* [WHAT YOU NEED TO DO]: Once the line with "Adidas Quarter-Zip Pullover. 5" is found, repeat it and all later lines exactly through the end of the listing below, with the pictures left out.

:: INFORMATION SUPPLIED ::

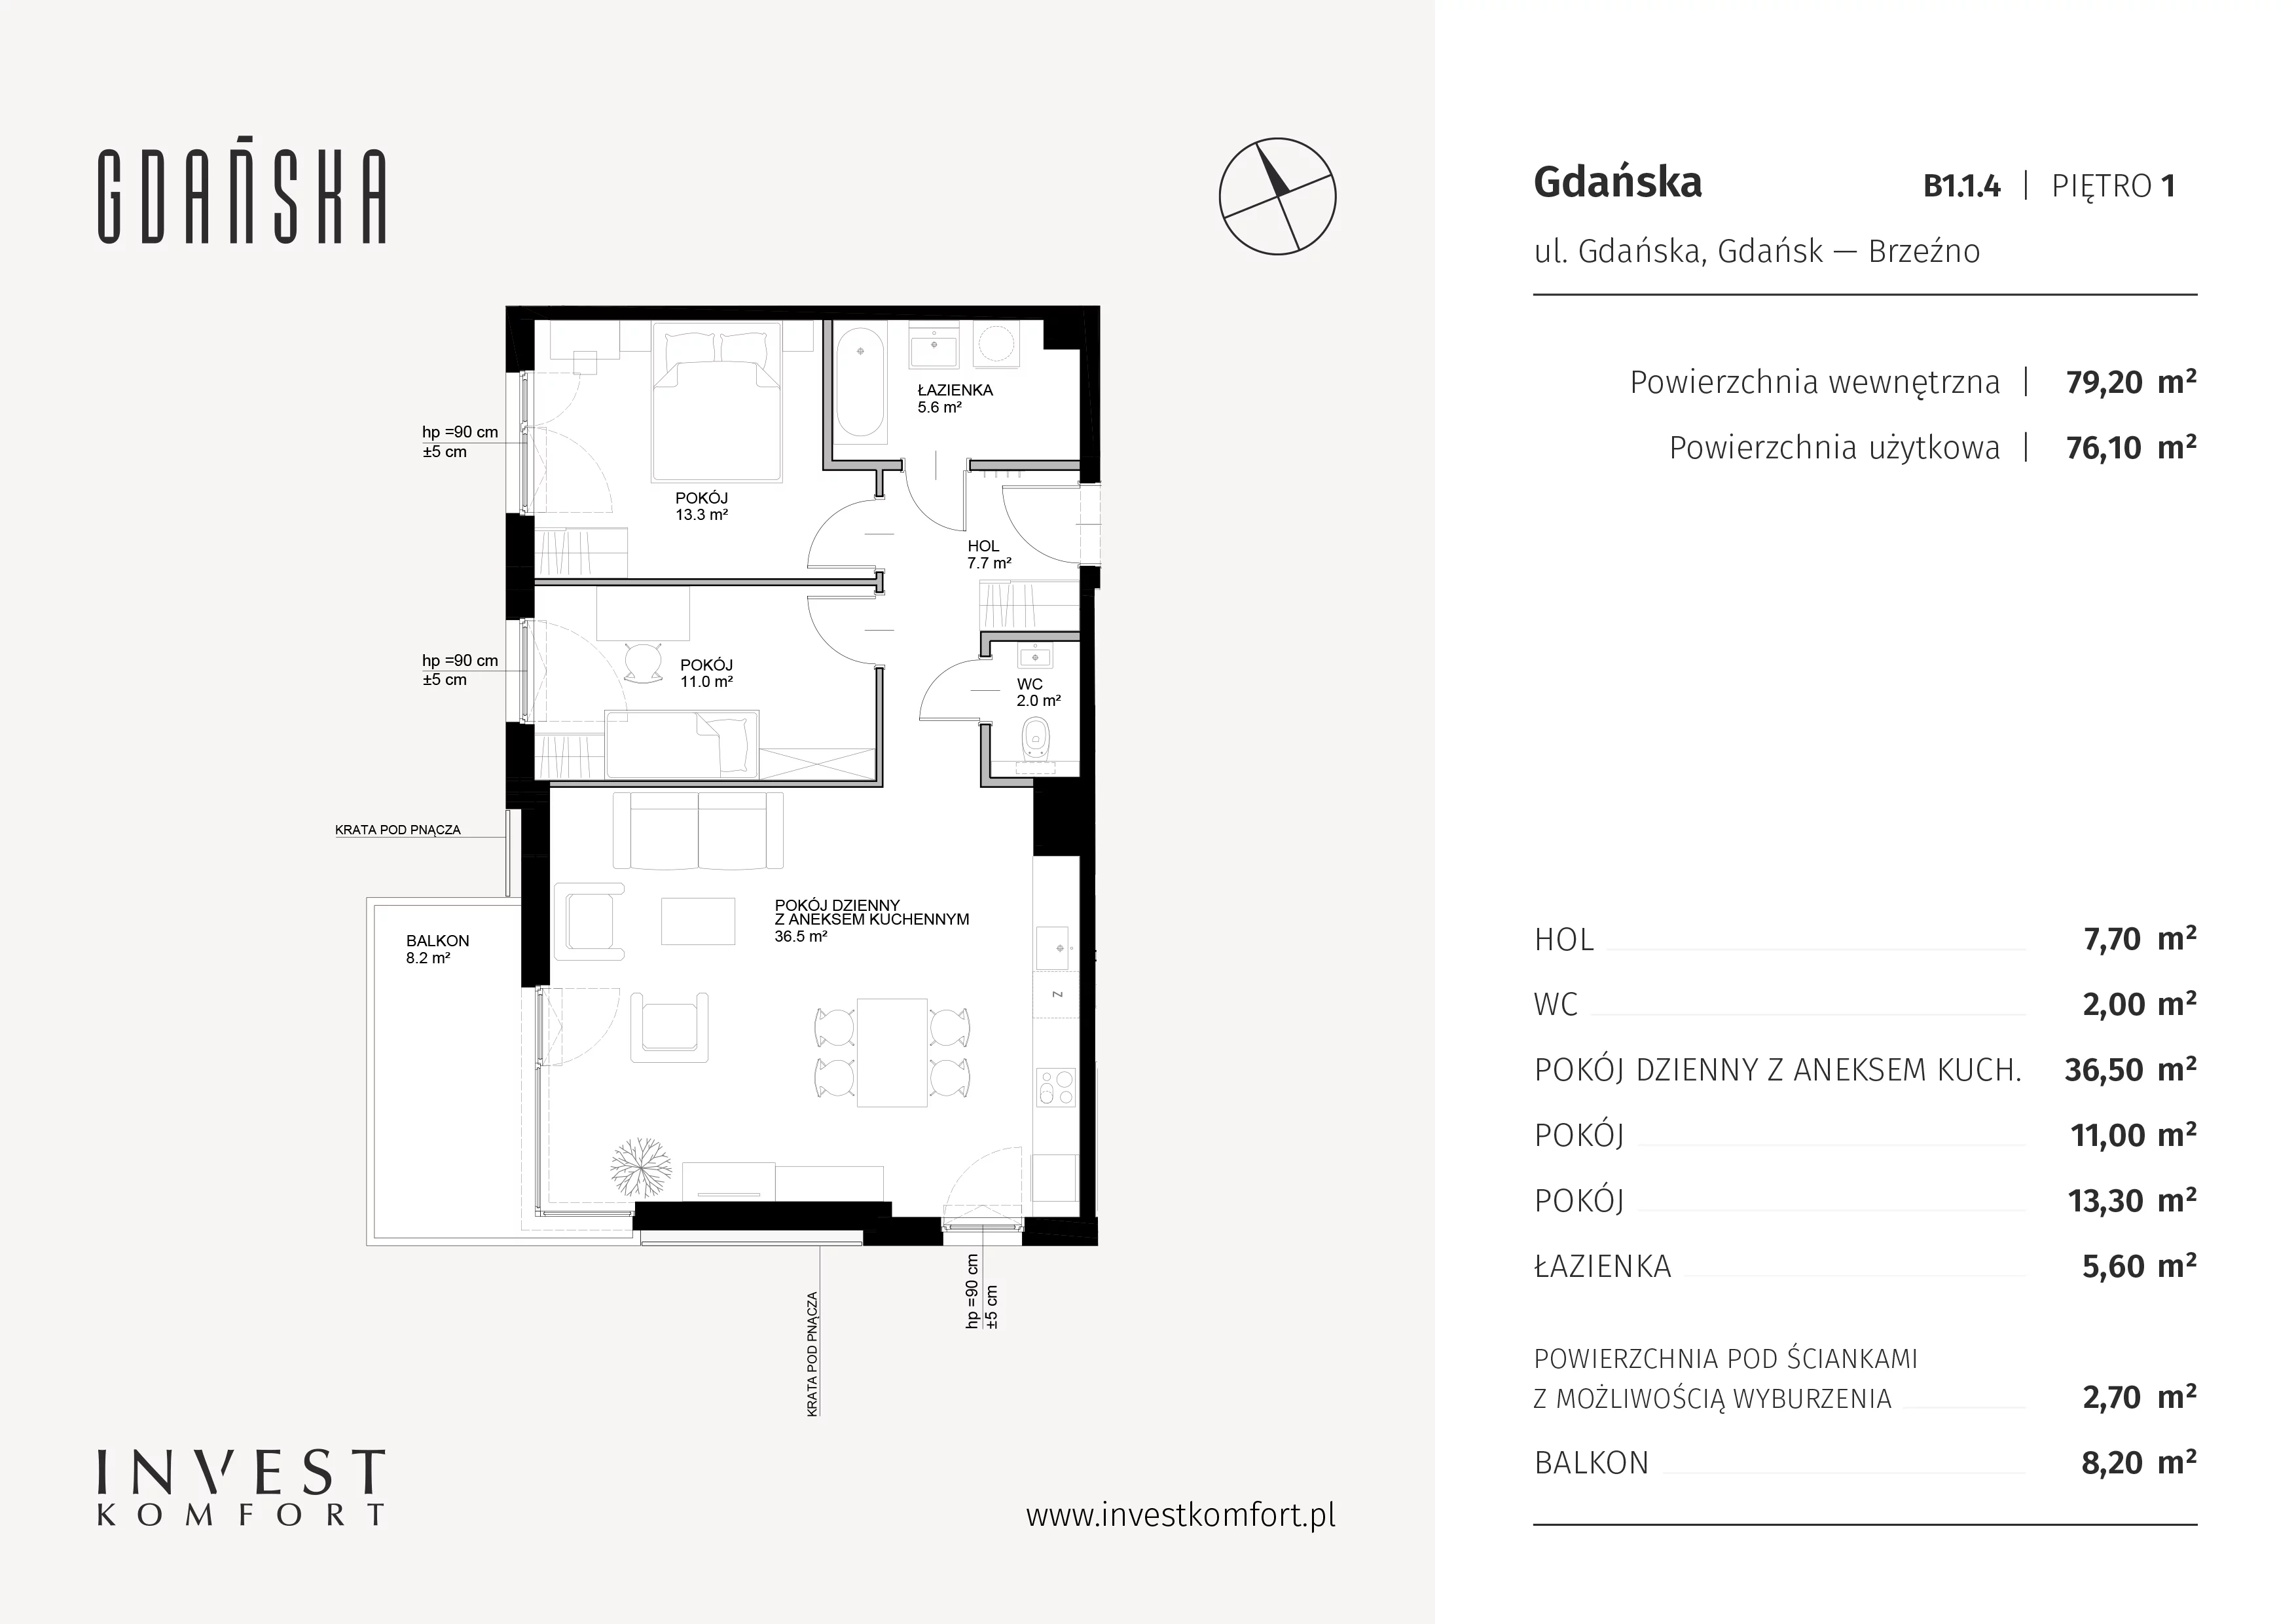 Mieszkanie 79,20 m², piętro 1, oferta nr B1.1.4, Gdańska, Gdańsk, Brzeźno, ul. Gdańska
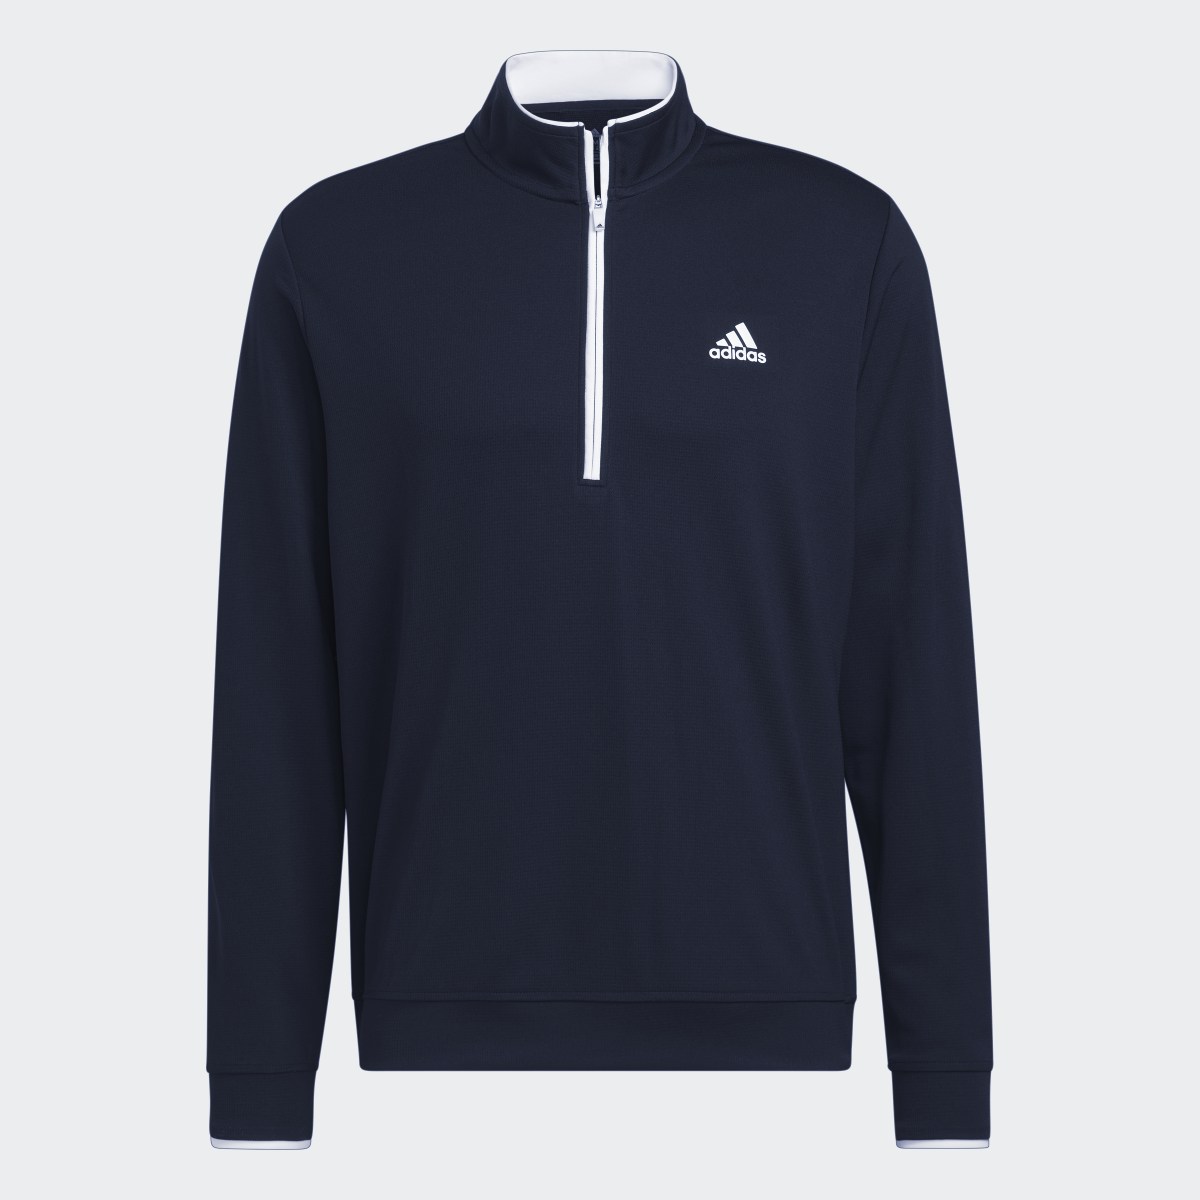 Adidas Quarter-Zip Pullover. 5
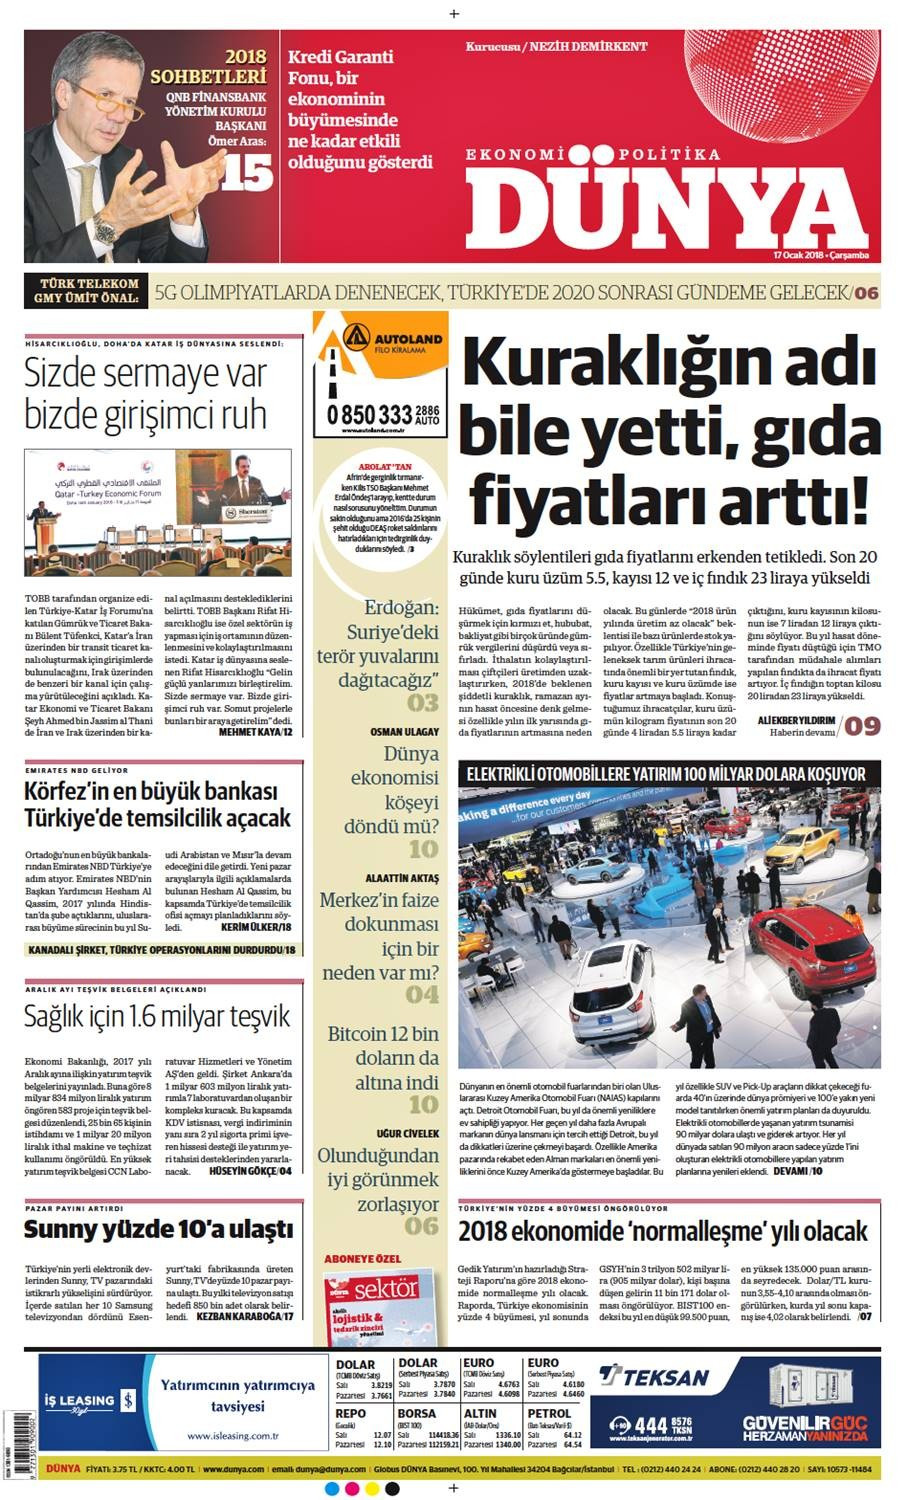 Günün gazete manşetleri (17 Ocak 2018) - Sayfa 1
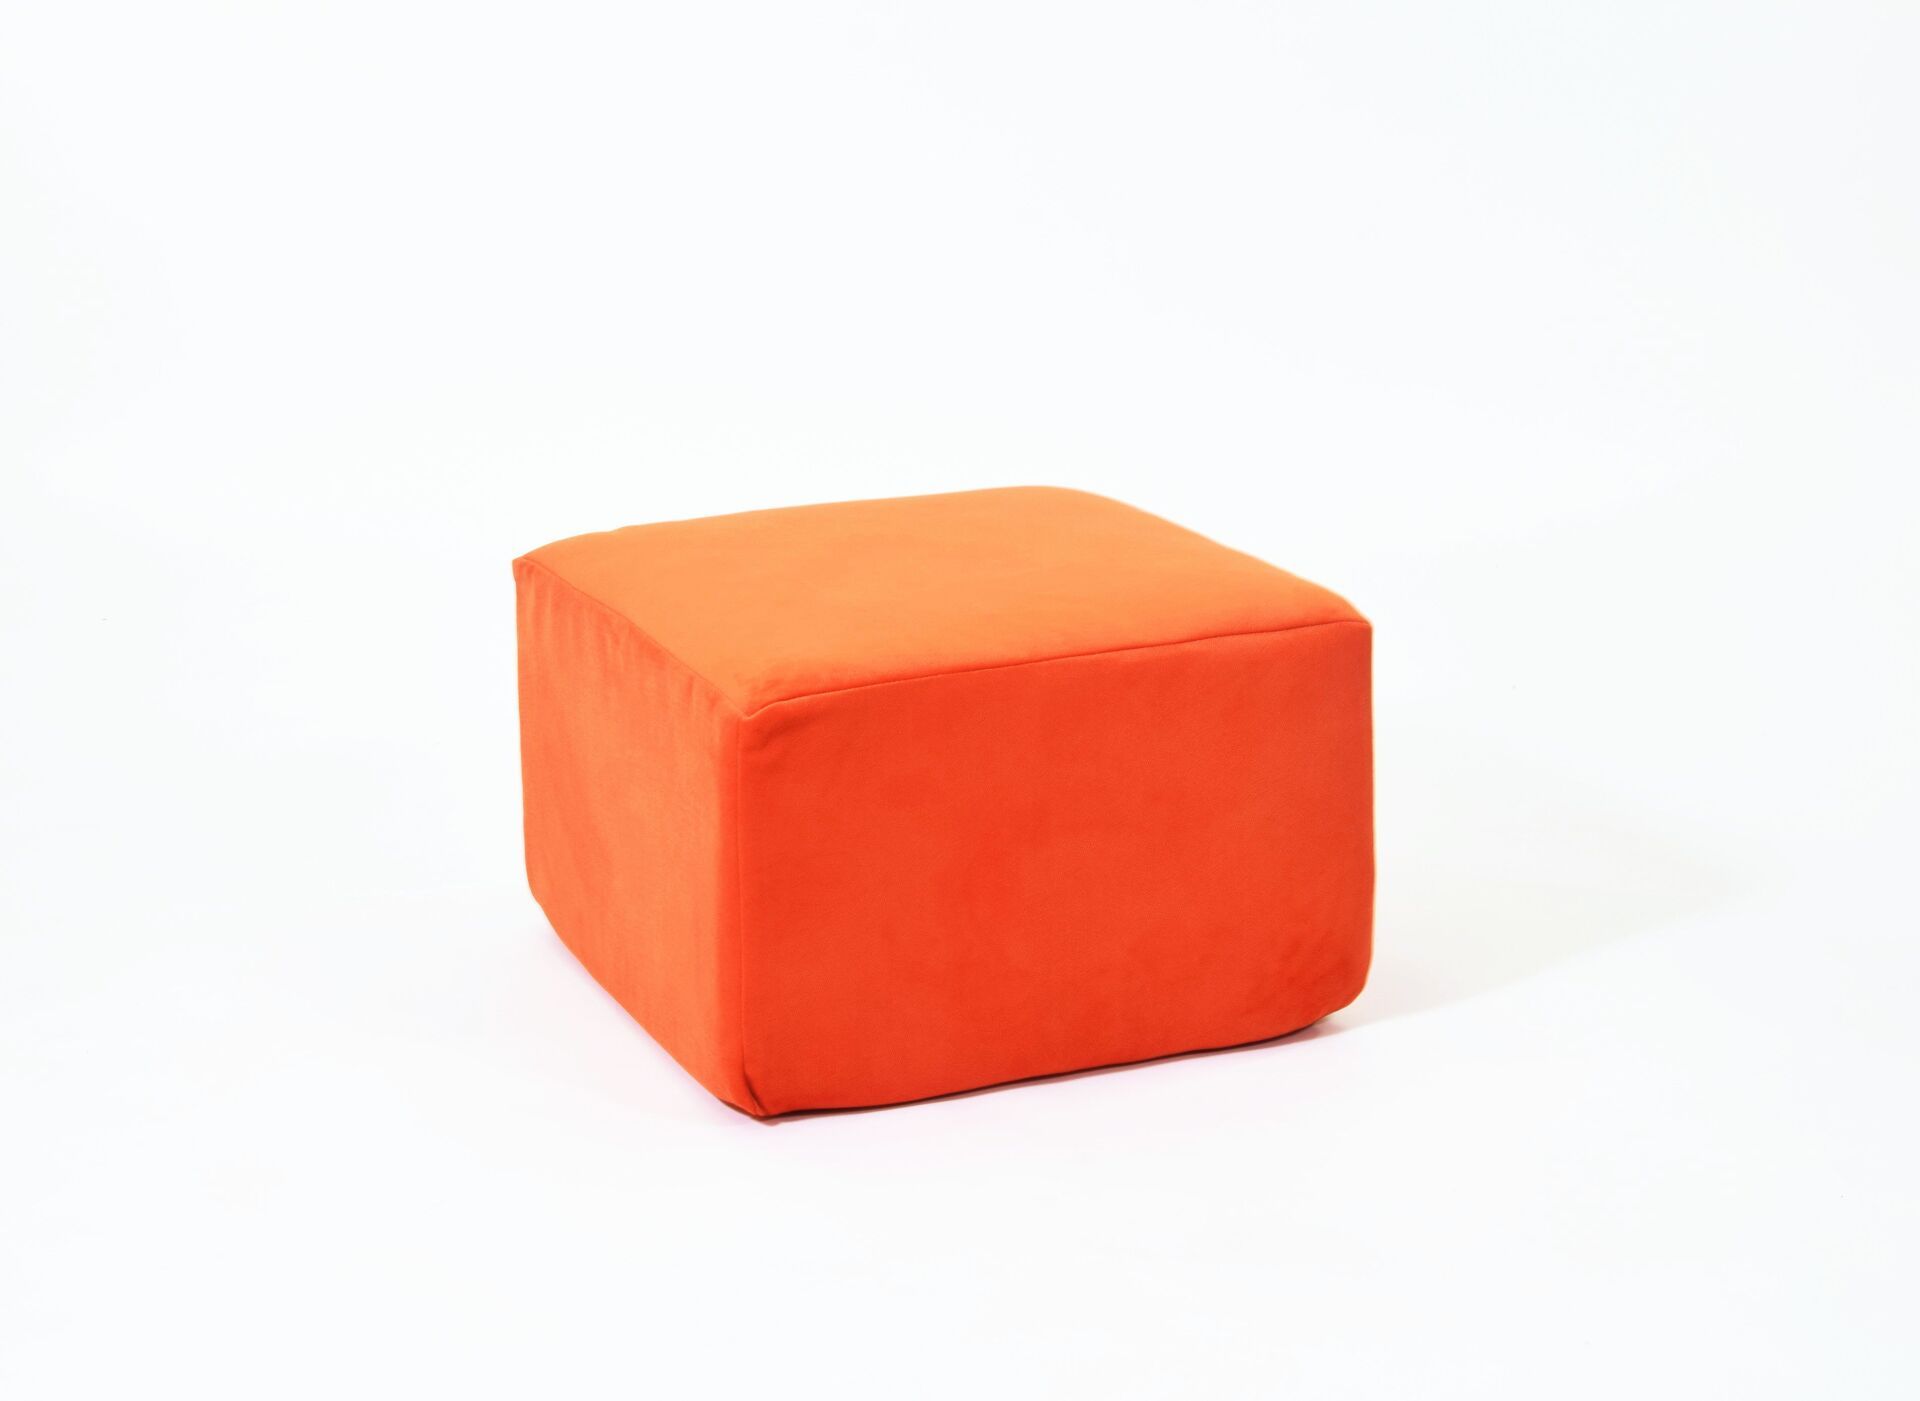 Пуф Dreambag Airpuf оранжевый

:::

* [WRITTEN SOLUTION]:
 Adidas Quarter-Zip Pullover. 5
 Günün gazete manşetleri (17 Ocak 2018) - Sayfa 1
 Пуф Dreambag Airpuf оранжевый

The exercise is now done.